The flow supplied to 8 is controlled. When the directional control valve 22 is to be stroked, the conduit 89 or 90 of the actuator 88 is connected to the second oil passage 53 for introducing load pressure, while the second oil passage 53 is connected to one pressure chamber 65 of the pressure reducing valve section 24.
The load pressure at the pressure reducing valve section 24 is
Since it is used only as the pilot pressure (set pressure of the pressure reducing valve), the pressure does not escape, that is,
When the directional control valve 22 is stroked, there is no spontaneous lowering of the actuator 88 due to the release of the load pressure.

The load pressure detecting path 82 is connected to the pressure reducing valve section 2 of the pressure compensating valve 25 disposed on the other directional control valve 22.
4 is connected to the other pressure chamber 66, but one pressure chamber 65 of the pressure reducing valve section 24 is connected to the tank 86 by the neutral position A of the directional control valve 22, so that it is used for introducing load pressure. The pressure in the first oil passage 53 is zero, and
The pressure reducing valve 24 urges the check valve 23 in the closing direction by the internal pressure. On the other hand, since the pump discharge pressure is guided from the pump discharge passage 81 to the pressure chamber a in the direction in which the check valve portion 24 is opened, the difference between the pump discharge pressure and the pressure in the load pressure detection passage 82 (= The check valve unit 23 and the pressure reducing valve unit 24 are stroked in the opening direction of the check valve unit 23 by the pressure of 20 kg / cm ² ).
/ Cm ² ), the receipt is performed by the weak spring 69, and as a result, the pressure reducing valve section 24 does not stroke until the stroke end, and the hydraulic control on the direction control valve 22 side is not affected at all.

When any of the direction control valves 22 is to be stroked to the first pressure oil supply position B. When the total flow rate required for each actuator 88 is at the maximum discharge flow rate position of the hydraulic pump 20. Now, it is assumed that the directional control valves 22 are both stroked to the first pressure oil supply position B, and the respective input ports 44, the respective conduits 89, and the respective first oil passages 53 for guiding the load pressure are connected.
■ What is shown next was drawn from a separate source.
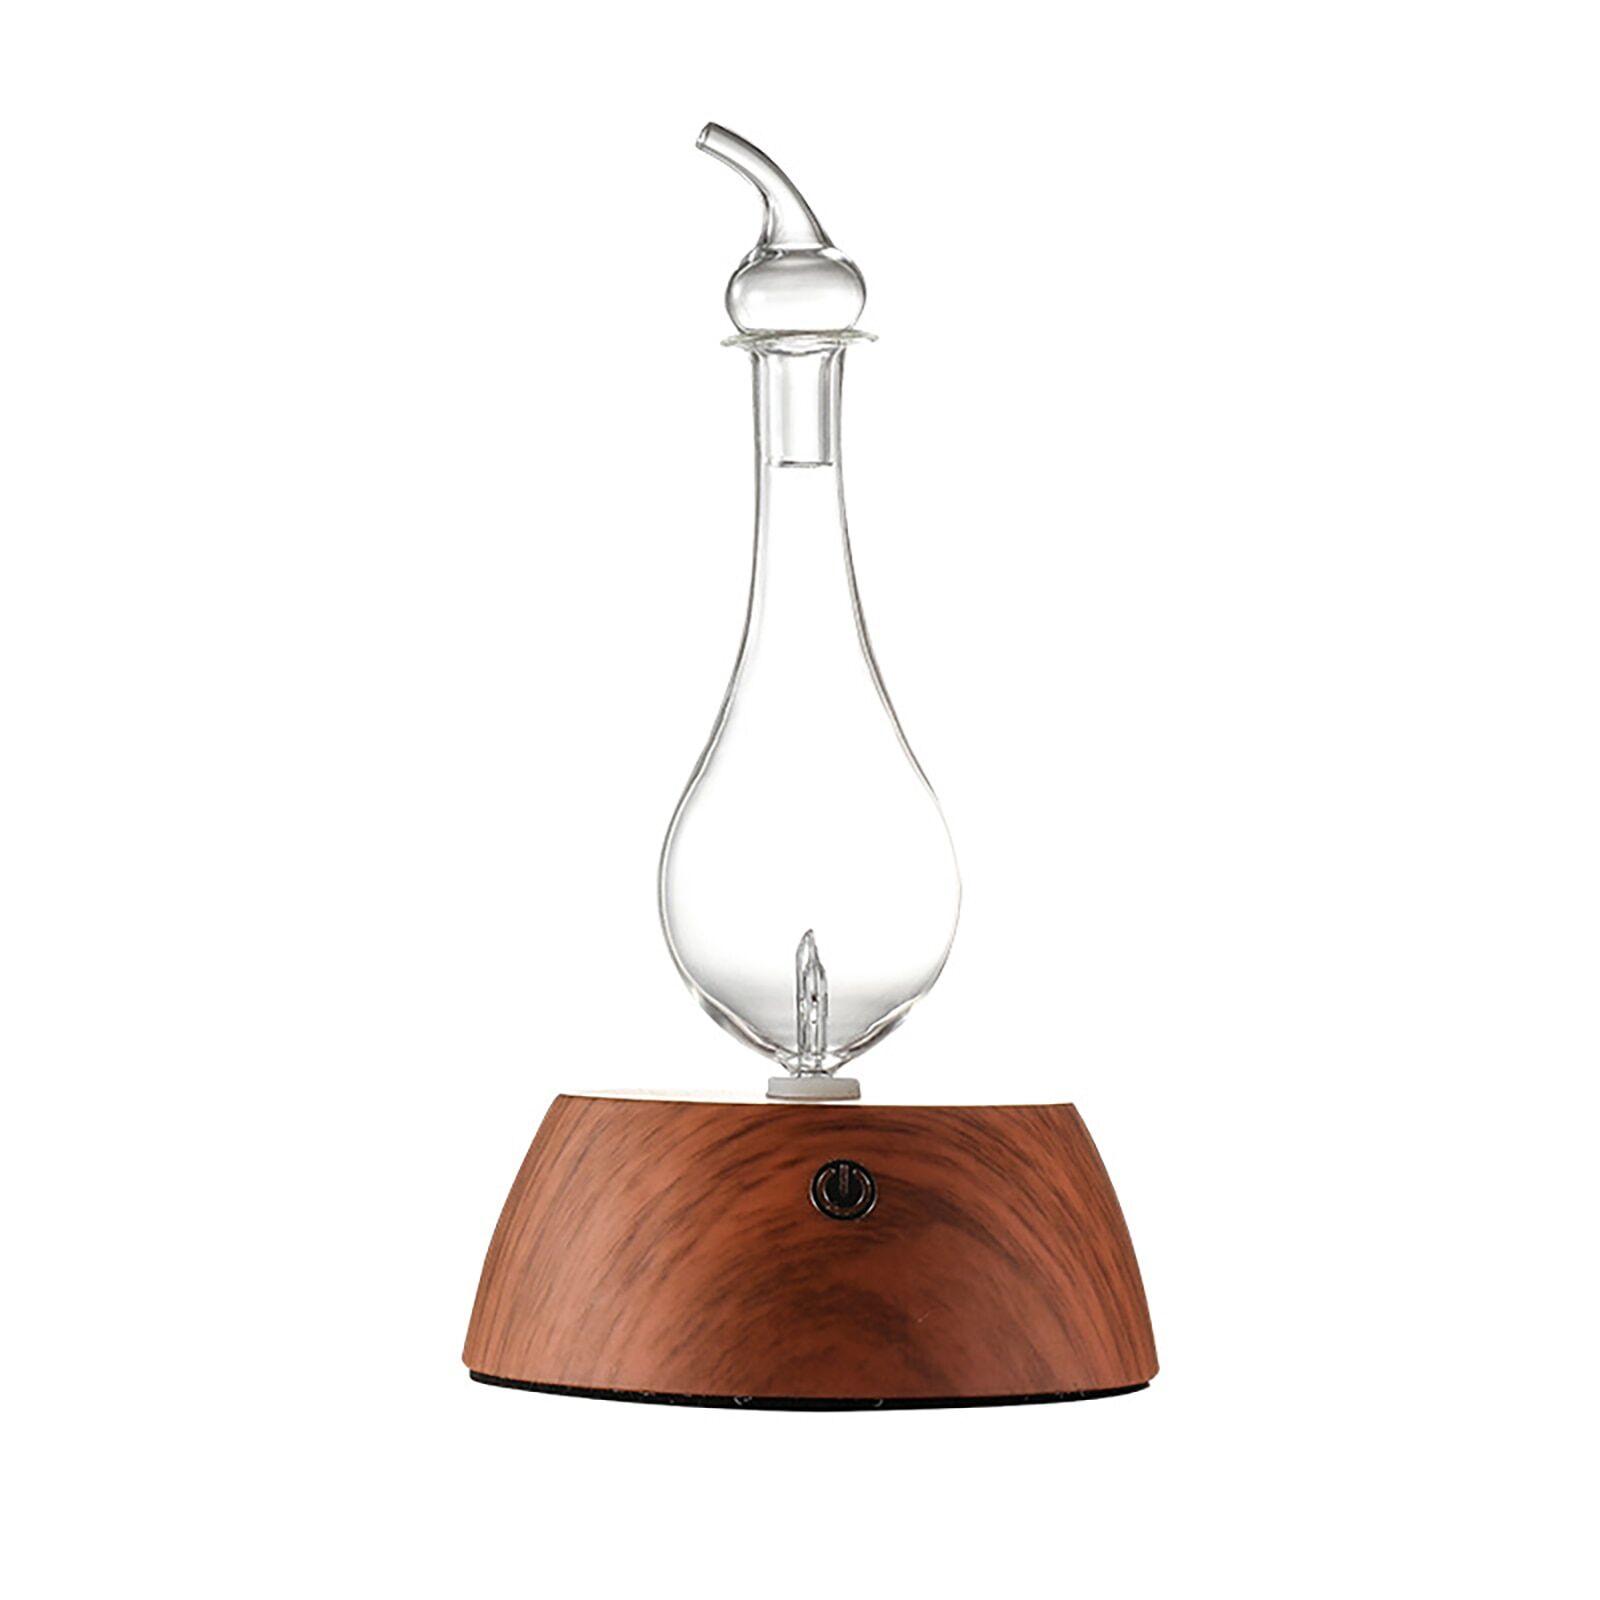 AliExpress Diffuseur d'huile essentielle pour aromathérapie, 20ml, Grain de bois, télécommande, humidificateur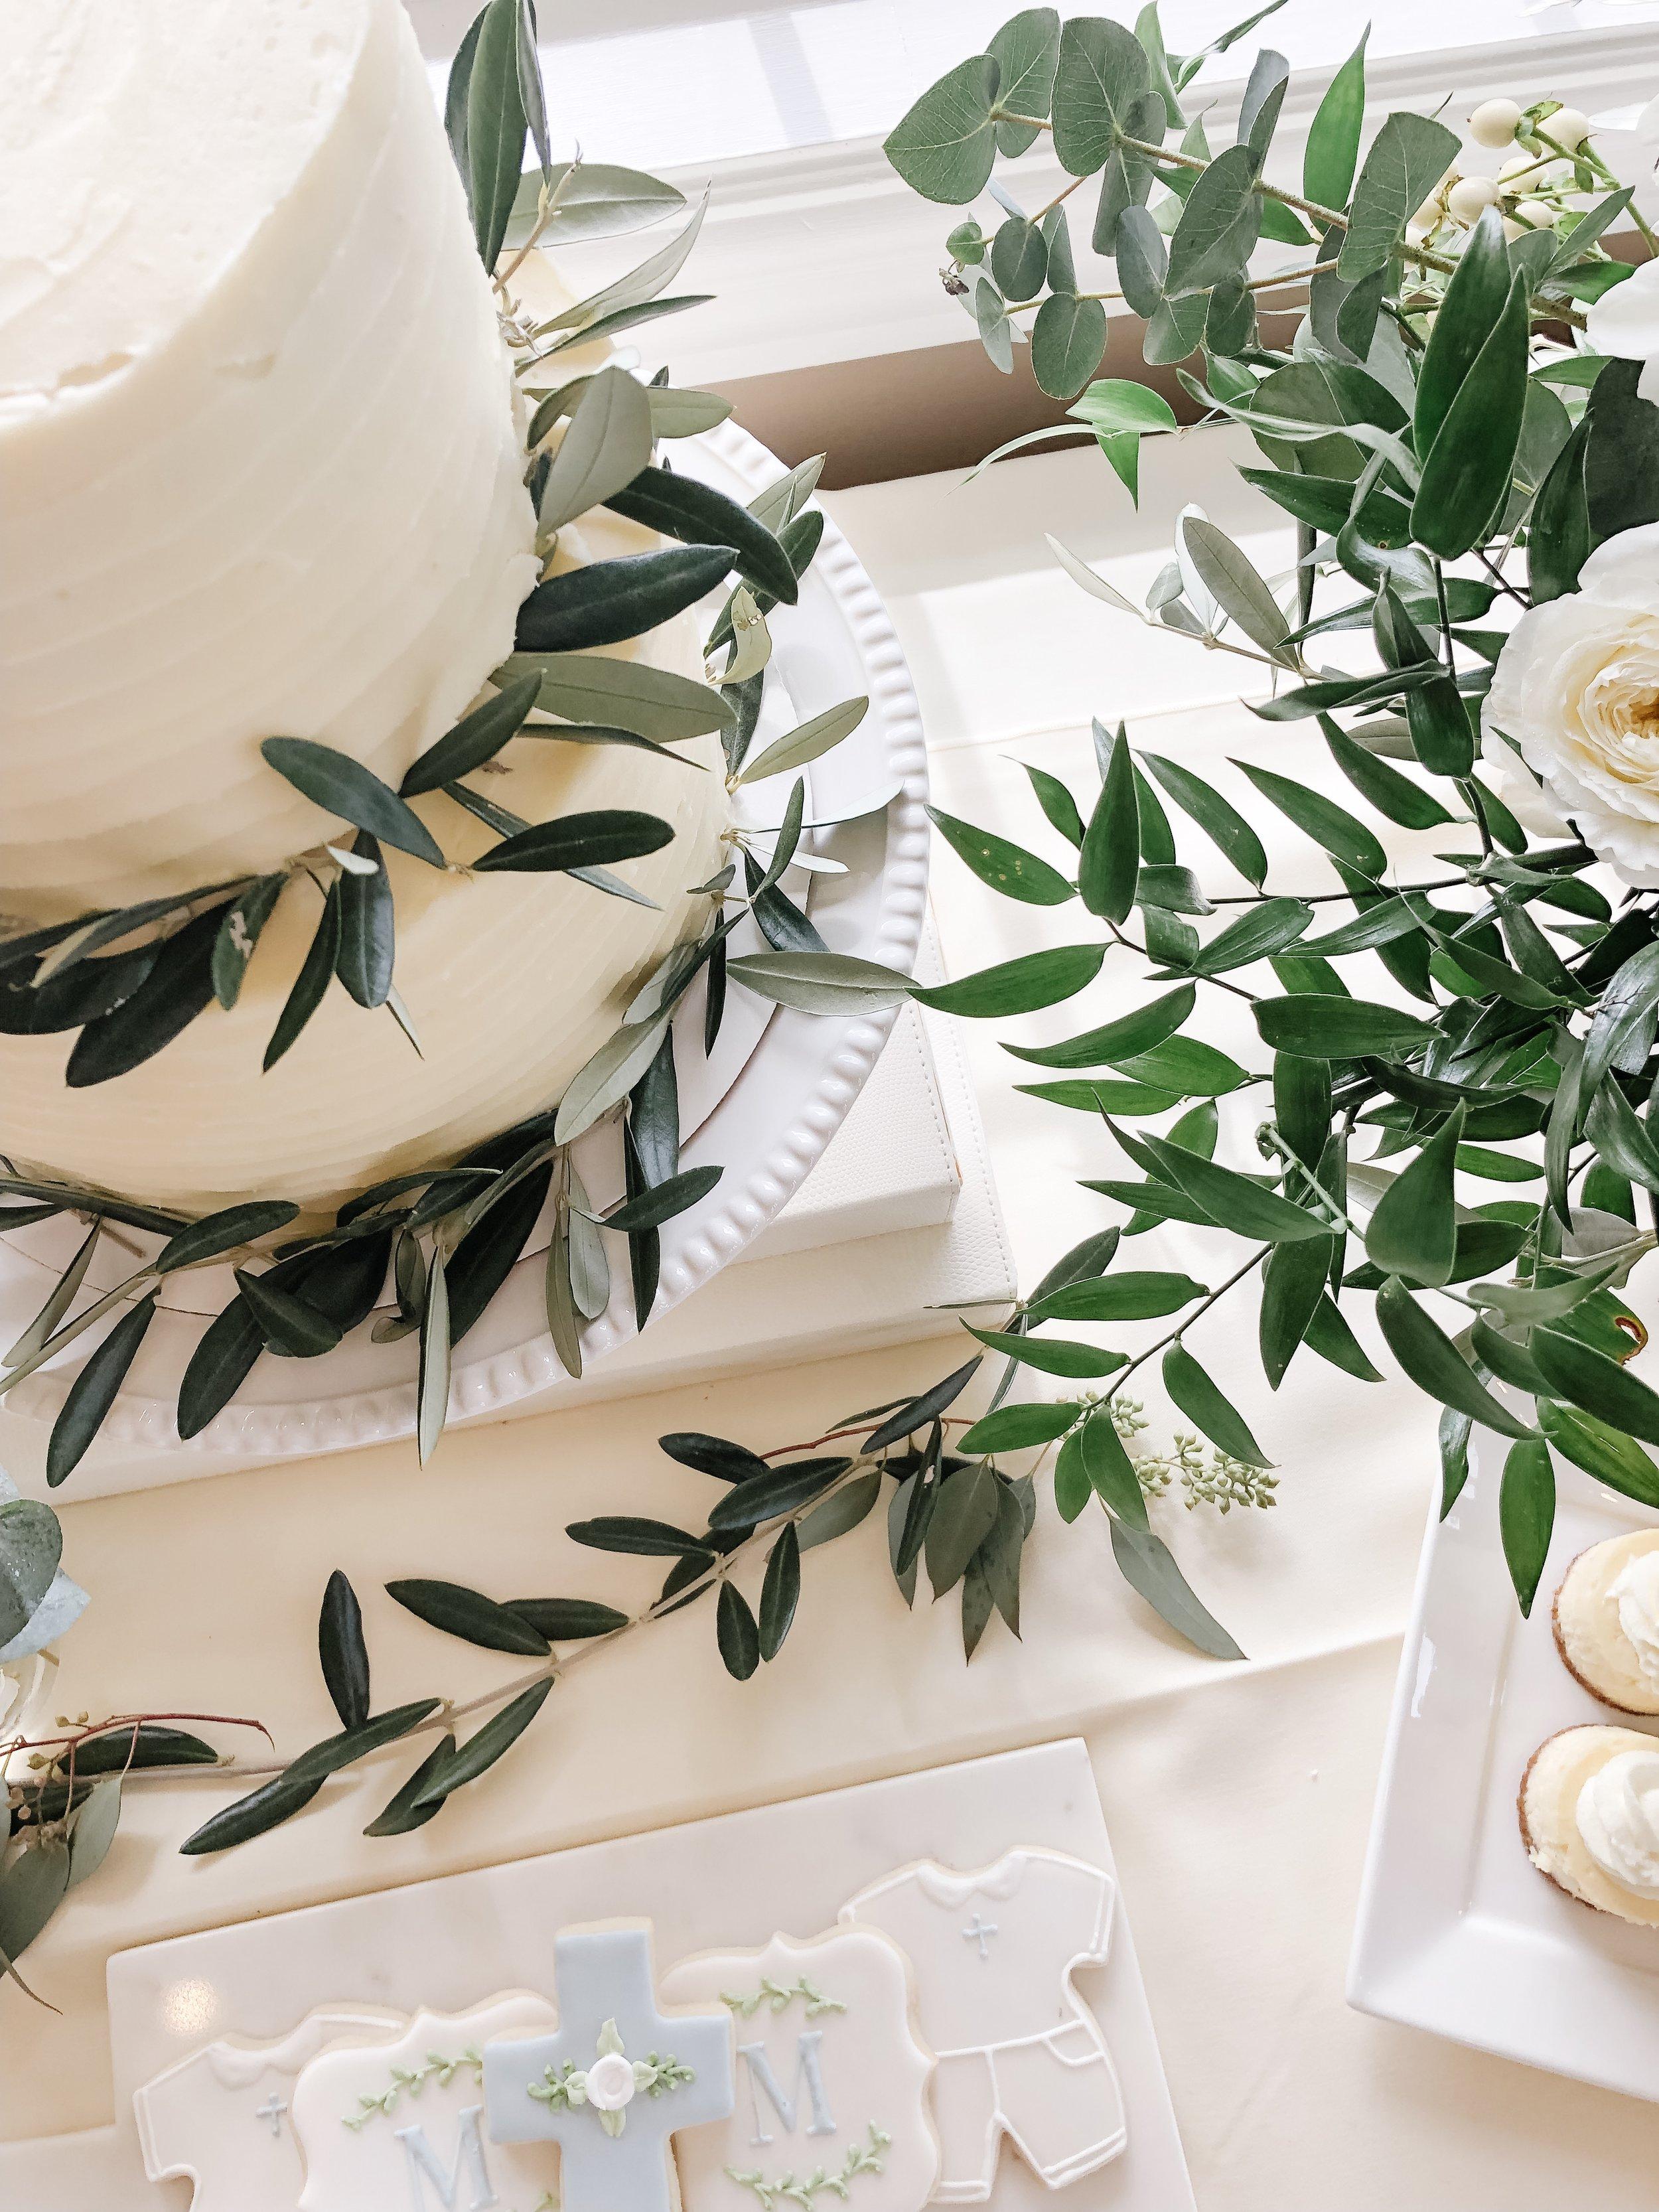 Floral & Design House Desserts

One pressure reducing valve portion 24 is operated until the pressure in the pressure chamber 66 becomes equal to the pressure in the one pressure chamber 65, and the other pressure reducing valve portion 24 is
The respective strokes are continued to the stroke end until the pressure in the pressure chamber 66 becomes equal to the pressure in the one pressure chamber 65. Now, two actuators 88,
It is assumed that the load pressure of the left actuator 88 among the load pressures of 88 is larger. Assuming the left actuator 26
Is 100 (kg / cm ² ), and the load pressure of the right actuator 27 is 10 (kg / cm ² ). Since the load pressure detection path 82 is connected to the tank 86 via the throttle 91, the pressure in the load pressure detection path 82 is zero before the directional control valve stroke. Therefore, each pressure reducing valve section 24 also strokes by the pressure in the first oil passage 53 for load pressure detection, and the pump discharge pressure communicates with the pressure in the pressure detection conduit 34. The pressure (10 kg) in the conduit 90 of the right actuator 88 where the pressure in the load pressure detection path 82 is the low pressure side
/ Cm ² ), first, the right pressure compensating valve 2
5 is closed. The pressure reducing valve portion 24 of the pressure compensating valve 25 on the left side remains in the stroke, and the pressure in the load pressure detecting path 82 increases until it becomes equal to the pump discharge pressure (20 kg / cm ² ). At this time, the pressure at the input port 44 of the direction control valve 55 of the left actuator 88 on the high pressure side is 100 (kg / cm ² ), and the pressure compensating valve 25
Is closed and disengaged from the pressure reducing valve section 24. On the other hand, the pressure reducing valve section 24 of the pressure compensating valve 25 is provided with a pressure difference between the two pressure chambers 65 and 66 (20−10 = 10−10).
(kg / cm ² ) to urge the check valve portion 23 in the closing direction. On the other hand, since the pressure in the pressure chamber a in the opening direction of the check valve portion 23 (pump discharge pressure) is 20 (kg / cm ² ), as a result, the pressure of the input port 44 of the directional control valve 22 becomes 10 (kg / cm ² ). cm ² ) Check valve part 23
After opening, the receipt is made by the weak spring 69. A certain pressure difference (20 kg) is controlled by the pump adjustment direction control valve 85.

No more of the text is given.